One area that was not covered for us by AMD is that of their Infinity Fabric. This will be the communication basis for many of AMD’s upcoming products from CPUs to APUs to GPUs. The fabric is not one particular technology, but several all wrapped together. It is divided into Data Fabric and Control Fabric. Data Fabric includes a coherent Hypertransport link that allows the CPU cores to communicate with each other very quickly and with low latency. This also allows multiple CCX modules to be combined yet still access the other CCX modules incredibly quickly. Control Fabric is the portion that integrates all of the sensors about the chip and communicates with the system management unit. That then sends signals to the clock and voltage controls to increase or decrease speeds and voltages. There are many questions about this technology that AMD will be revealing at a later date.

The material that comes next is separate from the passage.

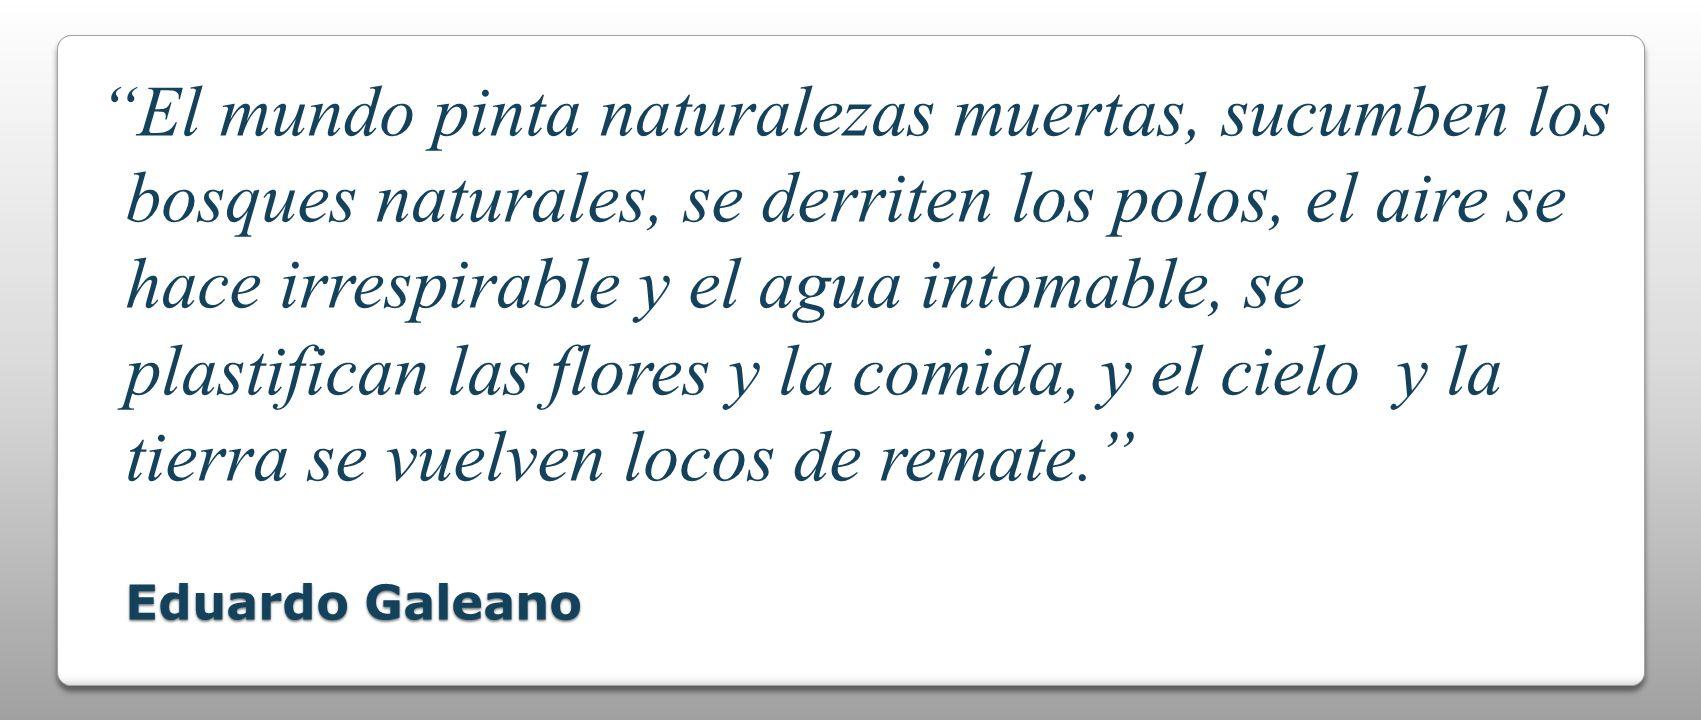 Eduardo Galeano El mundo pinta naturalezas muertas, sucumben los bosques naturales, se derriten los polos, el aire se hace irrespirable y el agua into

All of these technologies come together to make one of the largest jumps in performance and efficiency through AMD’s time in the industry. The core performance has increased the IPC a tremendous amount as compared to the last generation Excavator core. The usage of the new 14nm FF process has allowed AMD to increase power efficiency and lower die sizes tremendously as compared to their previous 28 nm HKMG planar designs.
If there was one area that I was truly astounded by it is that of the base and turbo clockspeeds that AMD was able to achieve with this product. The 1800X being able to run at a base 3.6 GHz and an enhanced speed of 4.0 GHz is very impressive considering that this is a totally new design being developed on a new process. Intel prefers the “tic-toc” pattern to develop a new design on a well known process and then develop a new process to produce a well known design. This process takes many variables out of the mix, but AMD was able to balance it all out and provide a very impressive part right off the bat. This is a far cry from disappointments like the original Phenom.
All told AMD has delivered an impressive product to consumers despite many challenges and hardships for the company along the way.
Another great analytical
Another great analytical article! Thanks Josh, keep ’em coming!
“The L3 cache acts as a
“The L3 cache acts as a victim cache which partially copies what is in L1 and L2 caches.”
It seems like it would be the opposite. The L3 is a victim cache for lines evicted from the L2, so by definition the L2 and L3 should never duplicate anything. This is why they are saying 20 MB for the 8 core chip (4 MB L2 + 16 MB L3).
You could very well be right.
You could very well be right. AMD was not exactly forthcoming about how it exactly works, but you certainly are correct about the definition of a victim cache (evicted cache lines). I need to ask a few more questions and get it correct. Thanks for reading!
Welp, looks like I’ll stick
Welp, looks like I’ll stick with my 5 yr old Intel Sandy V jay jay which will still outperforms Rypoo @ 1080p as I can’t wait 5 years for developers not to implement so called AMD optimizations.